Karyawan diwajibkan mengambil cuti sehari penuh setelah terlambat log-in, kebijakan ini menimbulkan kontroversi di kalangan pekerja dan pengamat.
Pada akhir-akhir ini, sebuah kebijakan kerja jarak jauh (WFH) yang viral di media sosial membuat karyawan di suatu perusahaan harus mengambil cuti sehari penuh jika terlambat log-in. Kebijakan ini menimbulkan pro dan kontra di kalangan masyarakat, terutama para pekerja yang merasa tidak adil.
Kebijakan tersebut dilaporkan diterapkan oleh sebuah perusahaan swasta besar di Jakarta. Menurut sumber internal, karyawan yang terlambat log-in selama 15 menit atau lebih akan diberikan sanksi berupa cuti sehari penuh tanpa gaji. Ini menjadi pertanyaan besar bagi banyak orang, apakah kebijakan ini sesuai dengan aturan hukum ketenagakerjaan?
Menurut UU Ketenagakerjaan Nomor 13 Tahun 2003, perusahaan wajib memberikan hak cuti tahunan minimal 12 hari kerja kepada karyawan yang telah bekerja selama 12 bulan secara terus-menerus. Namun, kebijakan ini tidak menjelaskan apakah cuti sehari penuh setelah terlambat log-in termasuk dalam kategori cuti yang diatur oleh undang-undang tersebut.
Sementara itu, beberapa ahli hukum ketenagakerjaan menyatakan bahwa kebijakan ini bisa saja melanggar aturan. “Jika karyawan diberi sanksi berupa cuti tanpa gaji karena terlambat log-in, maka hal ini bisa dianggap sebagai tindakan diskriminatif,” ujar salah satu ahli hukum ketenagakerjaan.
Namun, pihak perusahaan membantah bahwa kebijakan ini merupakan sanksi, melainkan bagian dari upaya untuk meningkatkan disiplin dan produktivitas. “Kami hanya ingin memastikan bahwa semua karyawan hadir tepat waktu dan siap bekerja,” kata perwakilan perusahaan.
Meskipun demikian, banyak karyawan merasa tidak nyaman dengan kebijakan ini. “Saya merasa tidak adil. Saya sudah bekerja keras, tapi malah diberi sanksi karena terlambat log-in,” keluh seorang karyawan.
Kebijakan ini juga menimbulkan pertanyaan tentang efektivitas sistem absensi digital. Dalam era digital, banyak perusahaan menggunakan teknologi untuk memantau kehadiran karyawan. Namun, jika sistem ini tidak dapat digunakan dengan baik, maka kebijakan seperti ini bisa menjadi masalah.

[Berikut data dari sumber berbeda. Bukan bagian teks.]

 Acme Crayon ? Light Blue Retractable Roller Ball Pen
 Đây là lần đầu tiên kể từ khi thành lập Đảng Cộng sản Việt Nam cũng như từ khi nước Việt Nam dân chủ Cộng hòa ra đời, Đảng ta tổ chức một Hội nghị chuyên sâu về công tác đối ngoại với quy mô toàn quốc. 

Selain itu, kebijakan ini juga menunjukkan pentingnya komunikasi antara manajemen dan karyawan. Jika karyawan merasa tidak puas dengan kebijakan, maka mereka bisa mengajukan keluhan melalui saluran resmi perusahaan. “Perusahaan harus bersedia mendengarkan keluhan karyawan dan mencari solusi yang lebih baik,” tambah ahli hukum tersebut.
Dari segi ekonomi, kebijakan ini juga bisa berdampak pada produktivitas perusahaan. Jika karyawan merasa tidak nyaman, maka kinerja mereka bisa menurun. Oleh karena itu, perusahaan perlu mempertimbangkan kesejahteraan karyawan dalam mengambil keputusan.
Di tengah isu ini, banyak pihak menyarankan agar perusahaan lebih memperhatikan kesejahteraan karyawan. “Karyawan adalah aset terpenting perusahaan. Mereka harus diperlakukan dengan baik dan dihargai,” ujar seorang praktisi HR.
Dengan demikian, kebijakan WFH yang viral ini menjadi topik hangat di kalangan masyarakat. Meski ada pro dan kontra, penting bagi perusahaan untuk menciptakan lingkungan kerja yang seimbang dan adil bagi semua karyawan.